● **WORK INSTRUCTION**
The expected answer is the full listing, repeated exactly and free of images.
━━━━━ DATA BLOCK
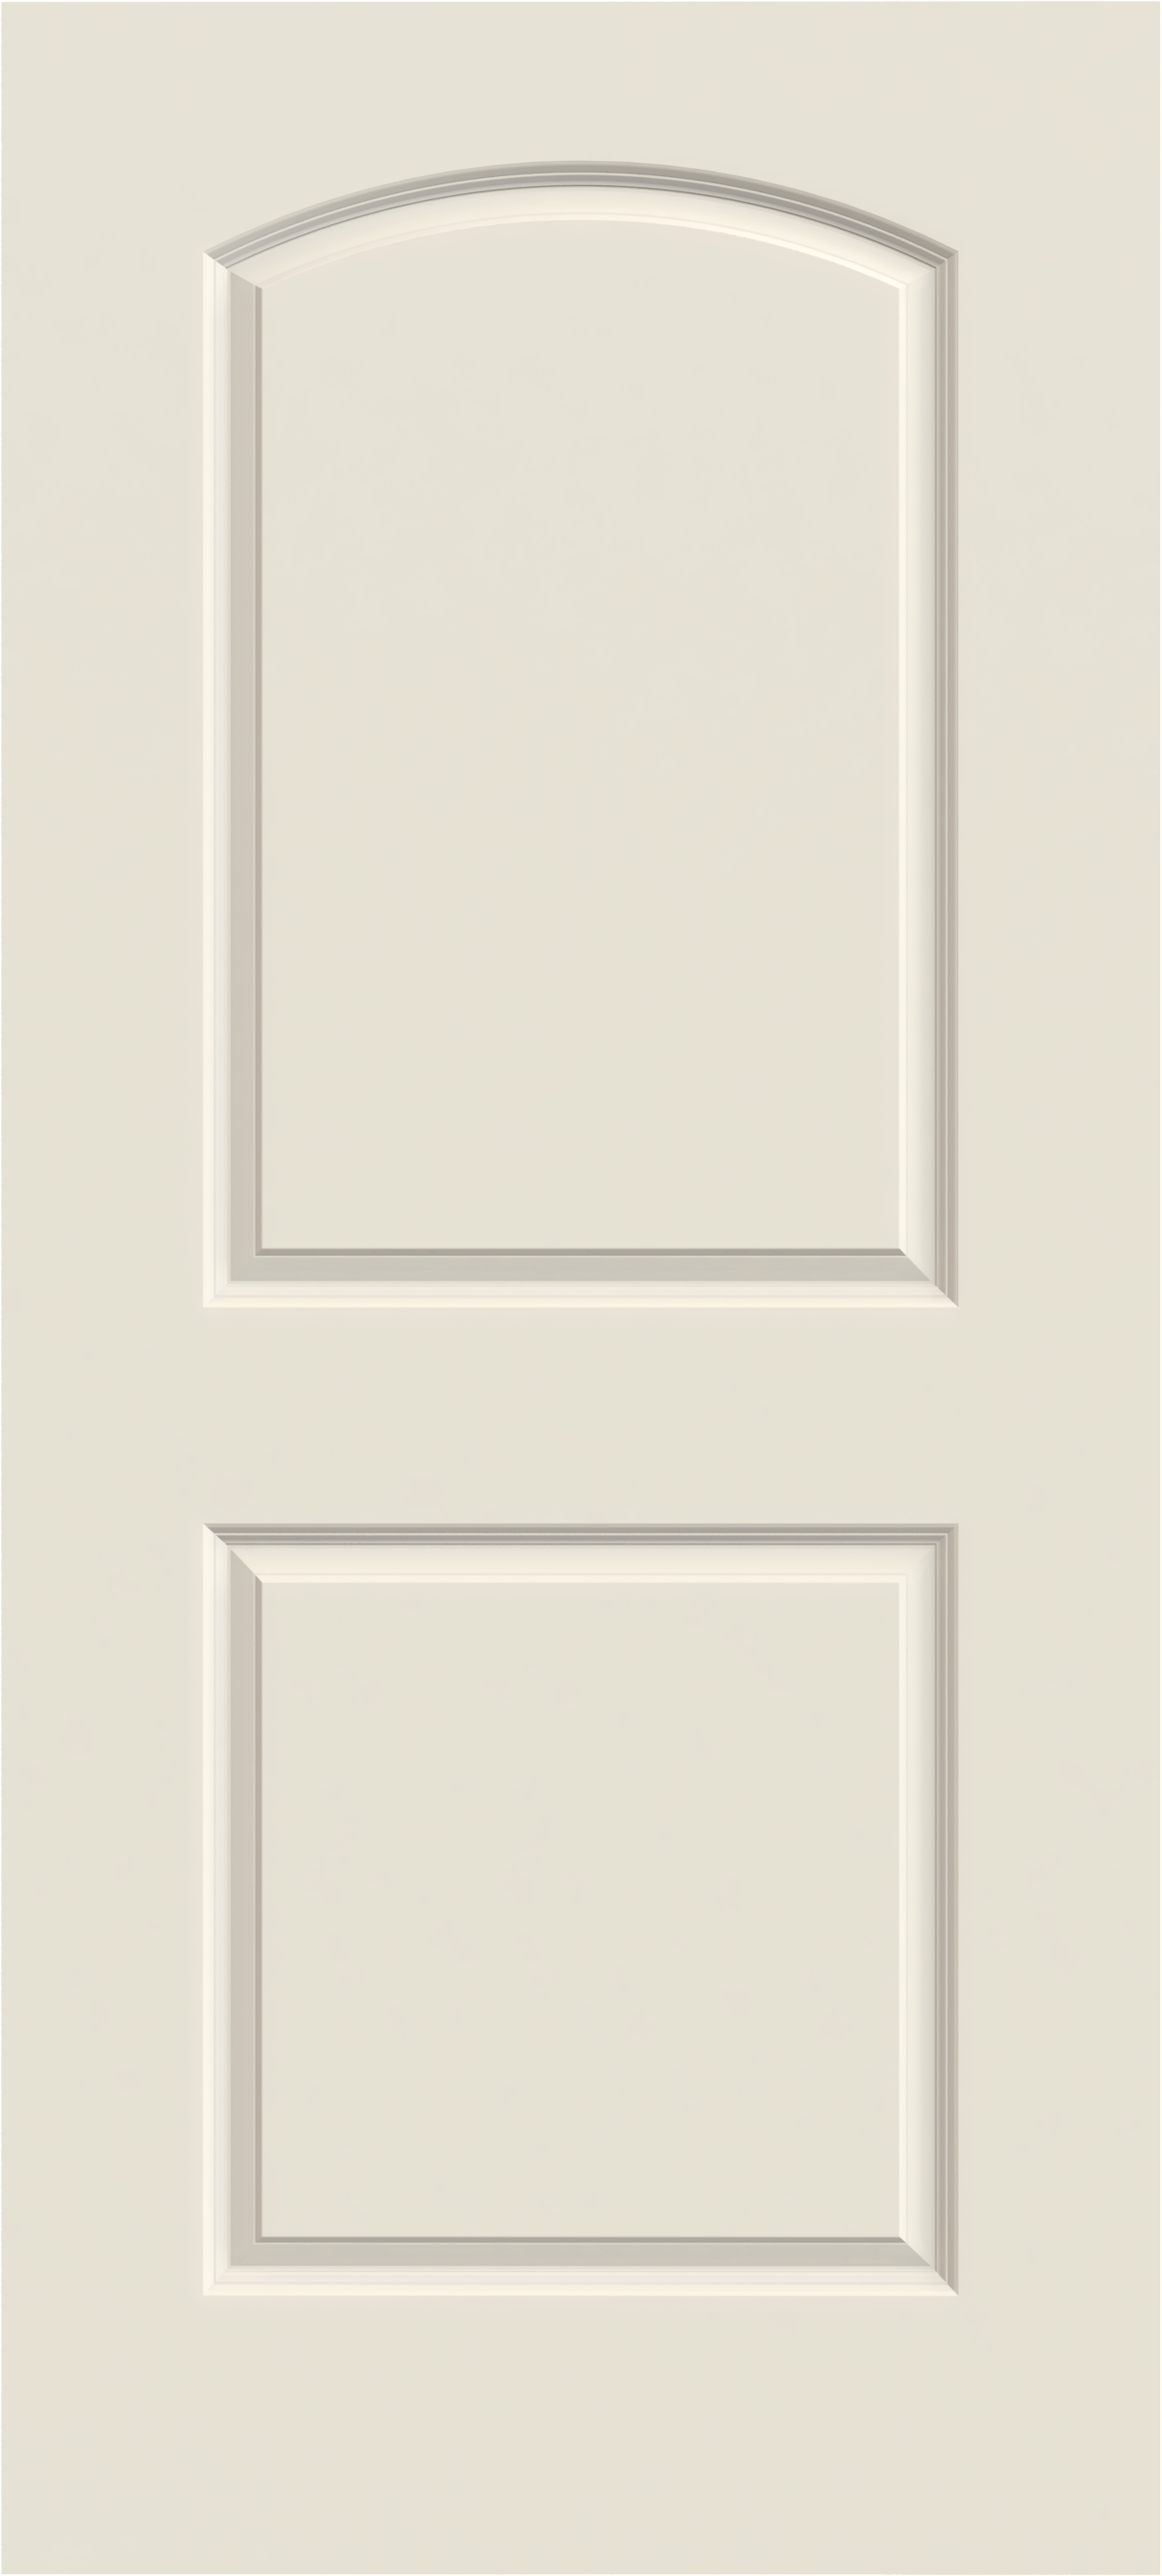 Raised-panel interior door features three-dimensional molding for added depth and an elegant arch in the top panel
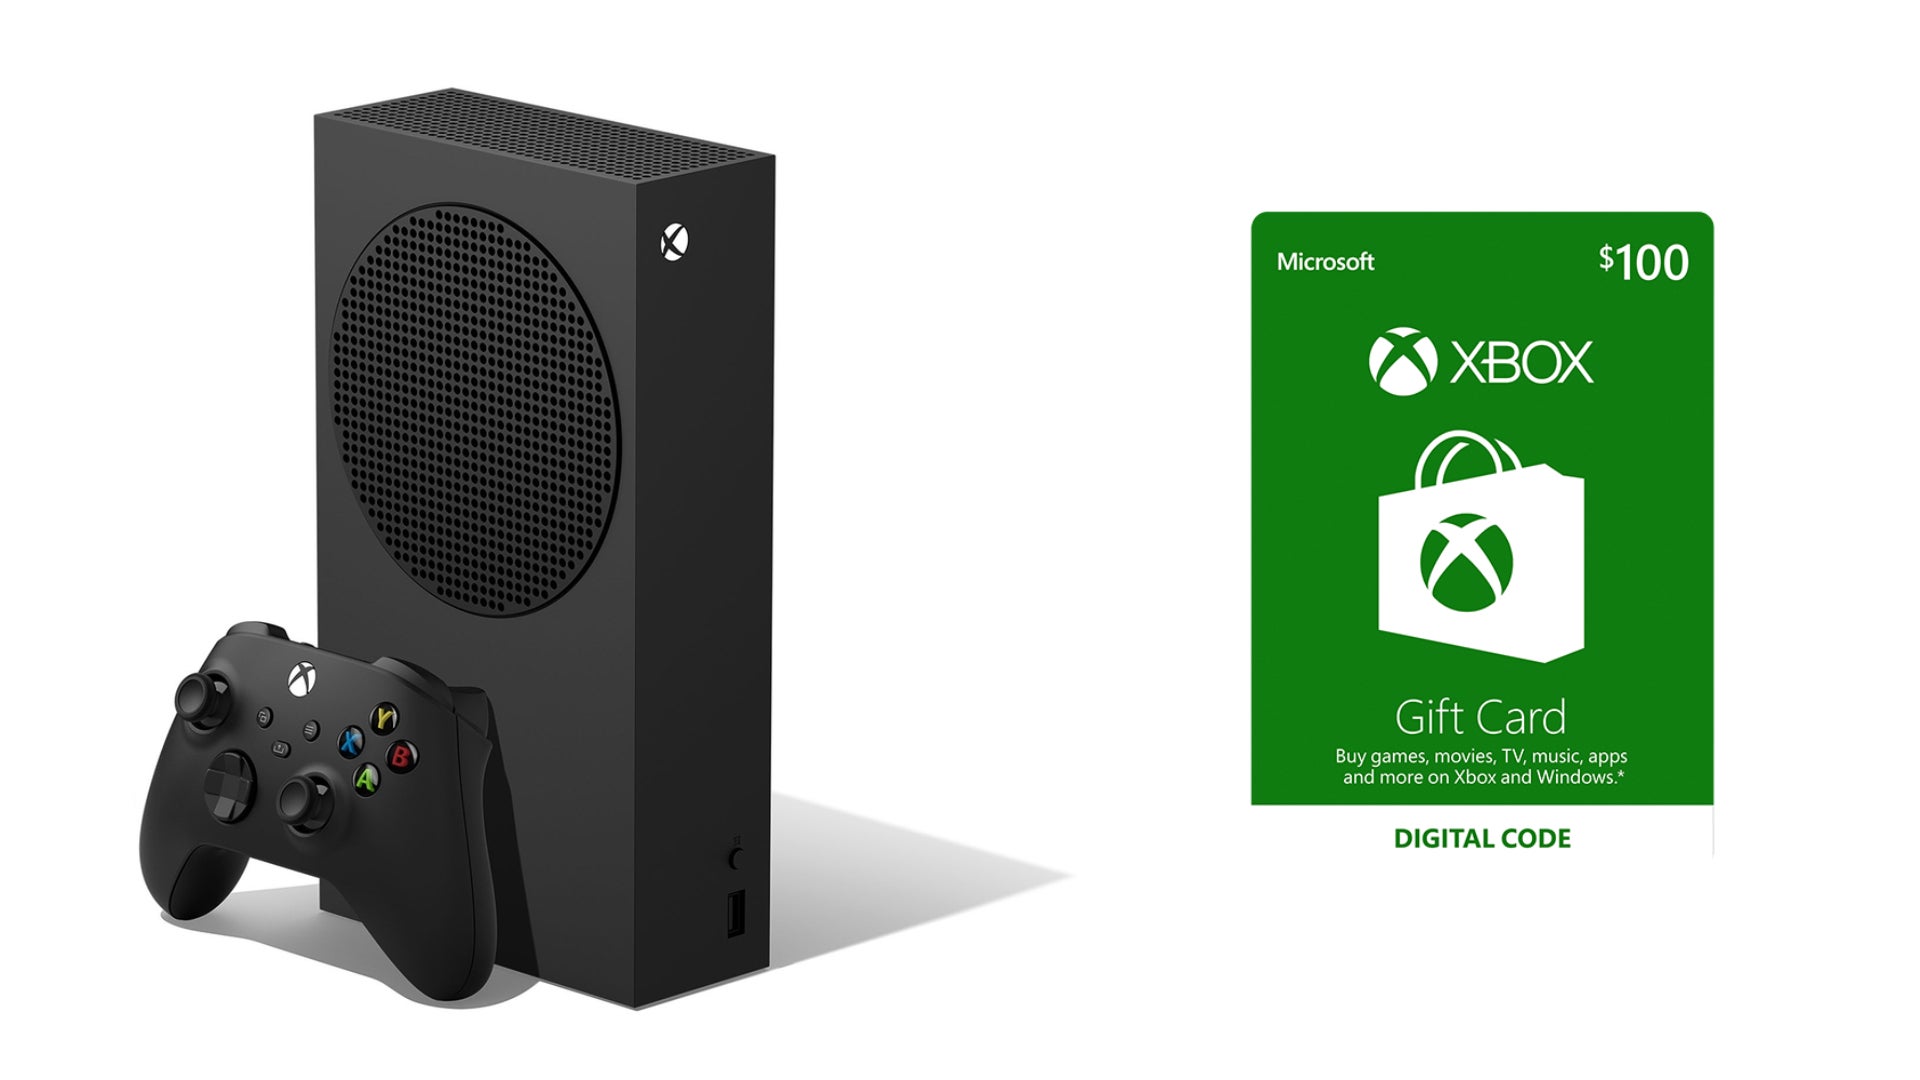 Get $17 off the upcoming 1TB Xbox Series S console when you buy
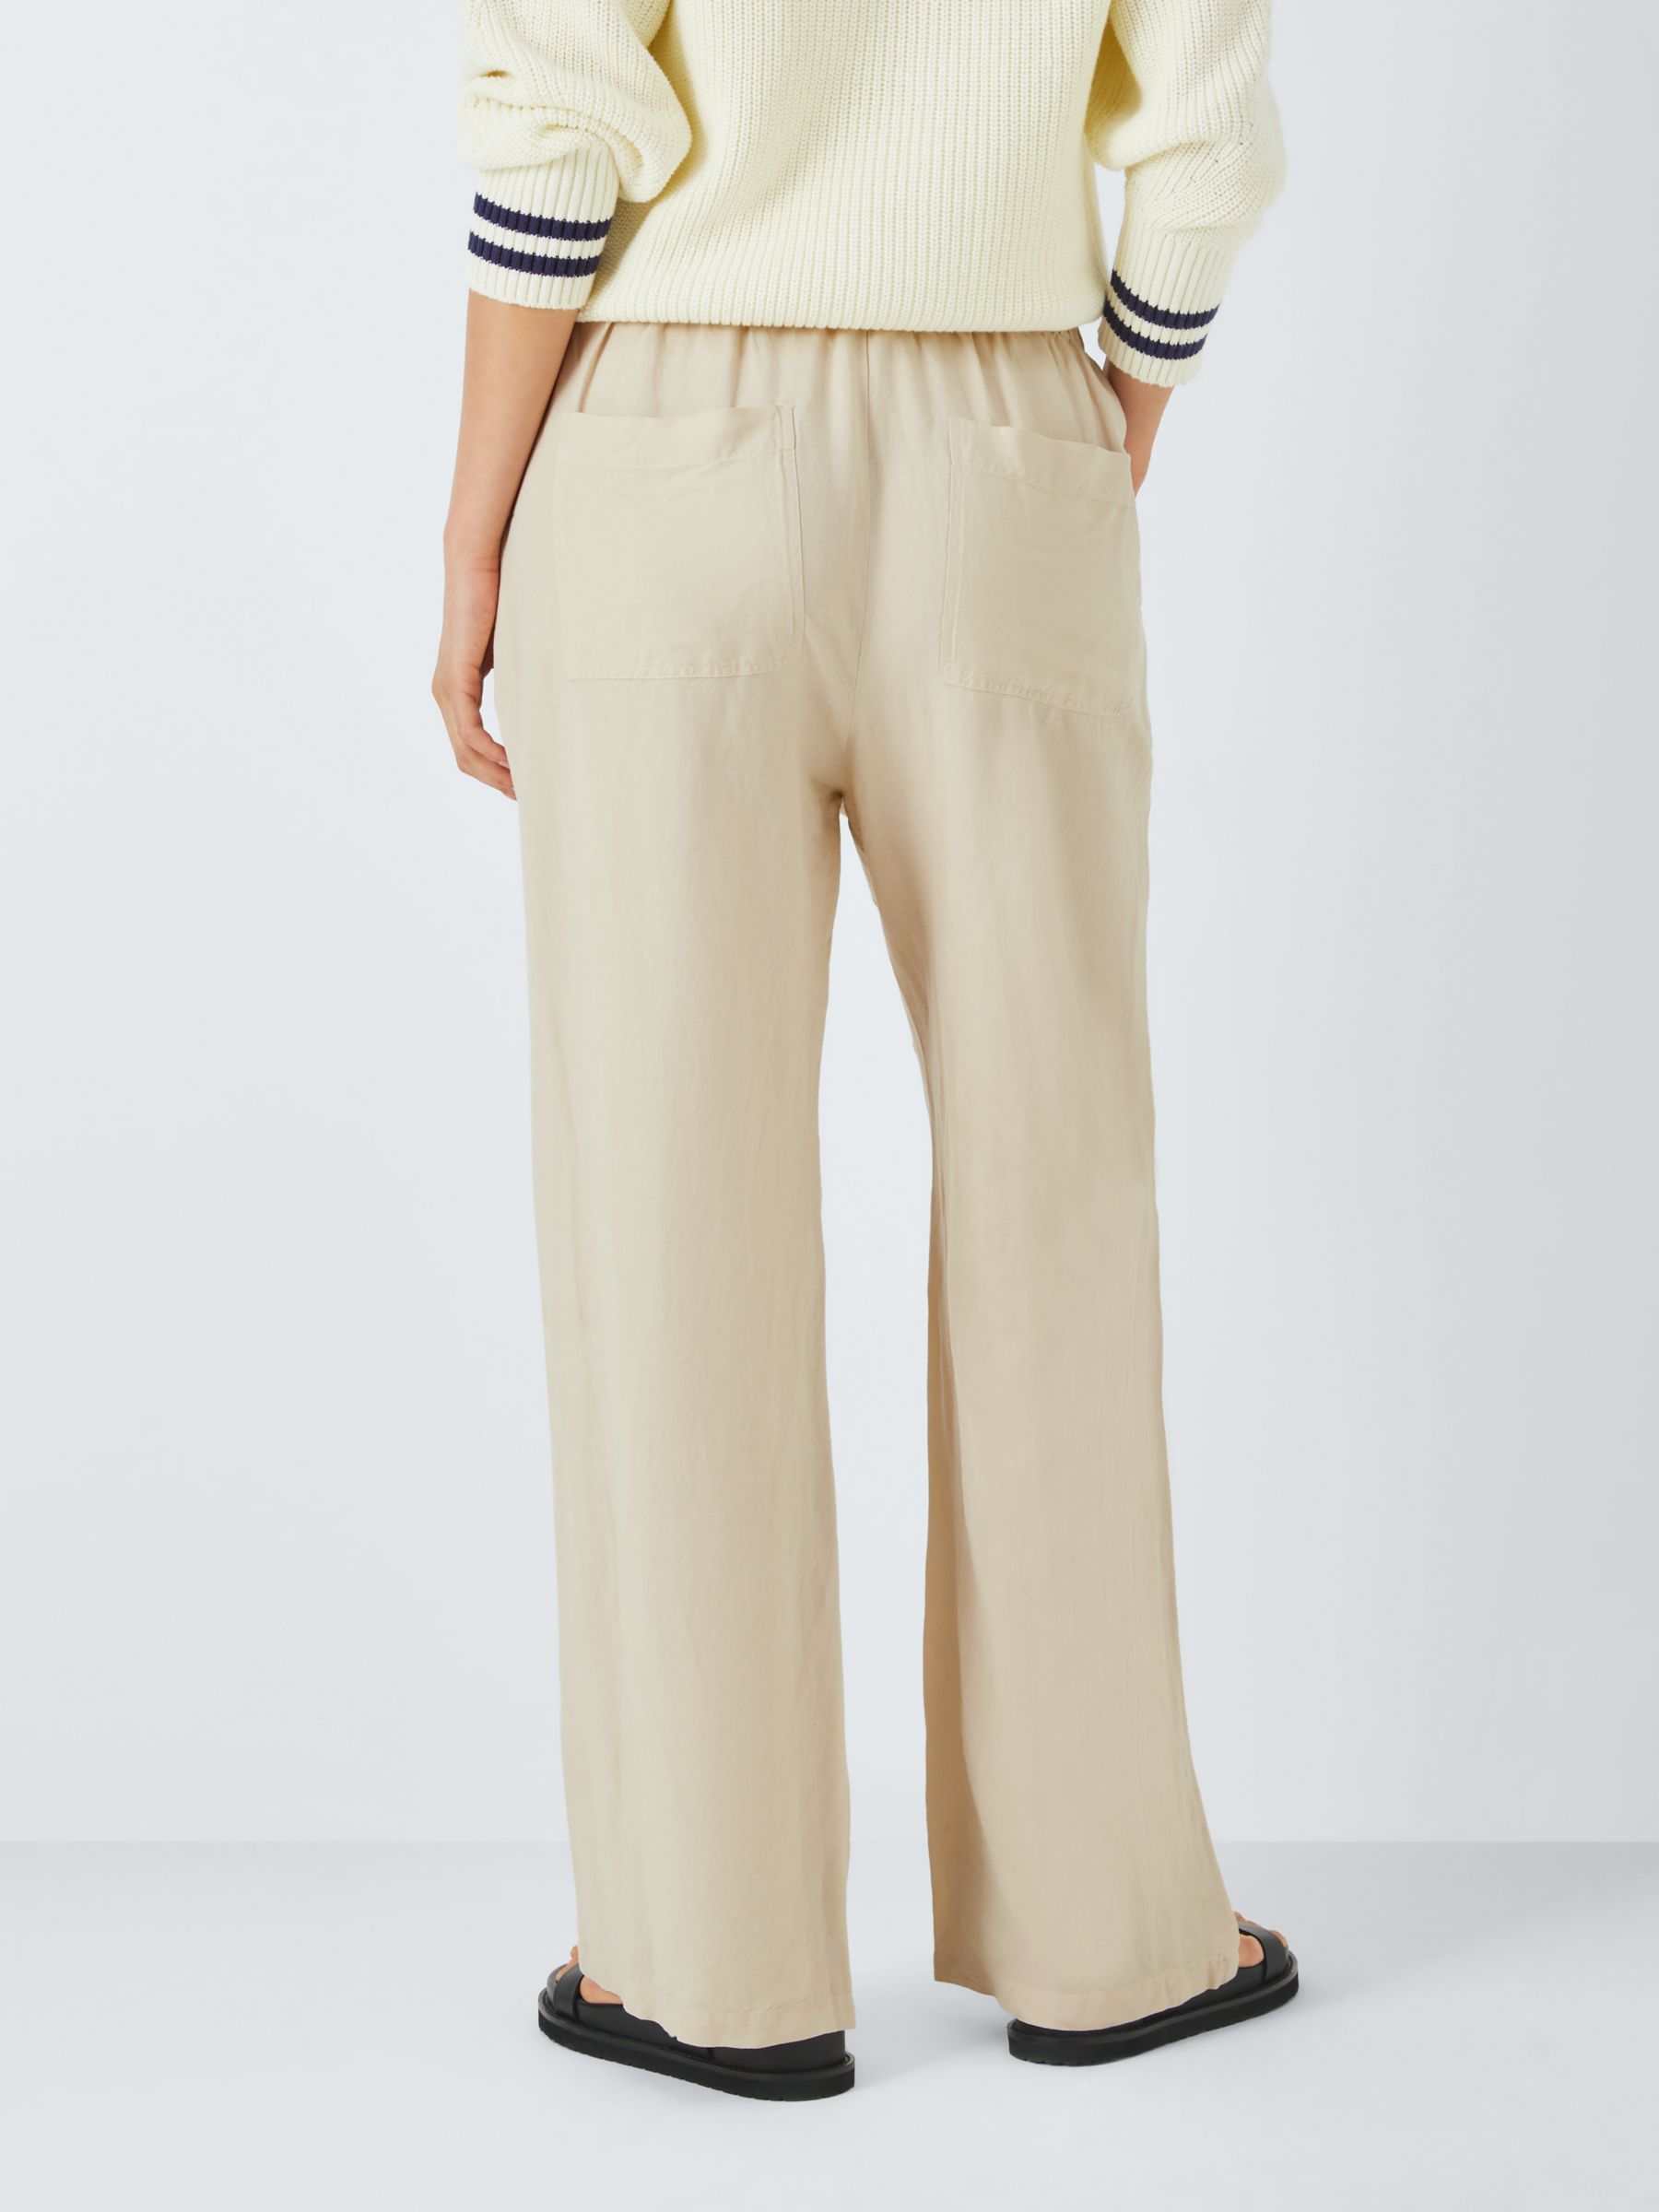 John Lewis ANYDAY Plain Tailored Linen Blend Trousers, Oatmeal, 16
━━━━━━━━━━
● **SOLUTION**
 Raised-panel interior door features three-dimensional molding for added depth and an elegant arch in the top panel
 Get $17 off the upcoming 1TB Xbox Series S console when you buy
 John Lewis ANYDAY Plain Tailored Linen Blend Trousers, Oatmeal, 16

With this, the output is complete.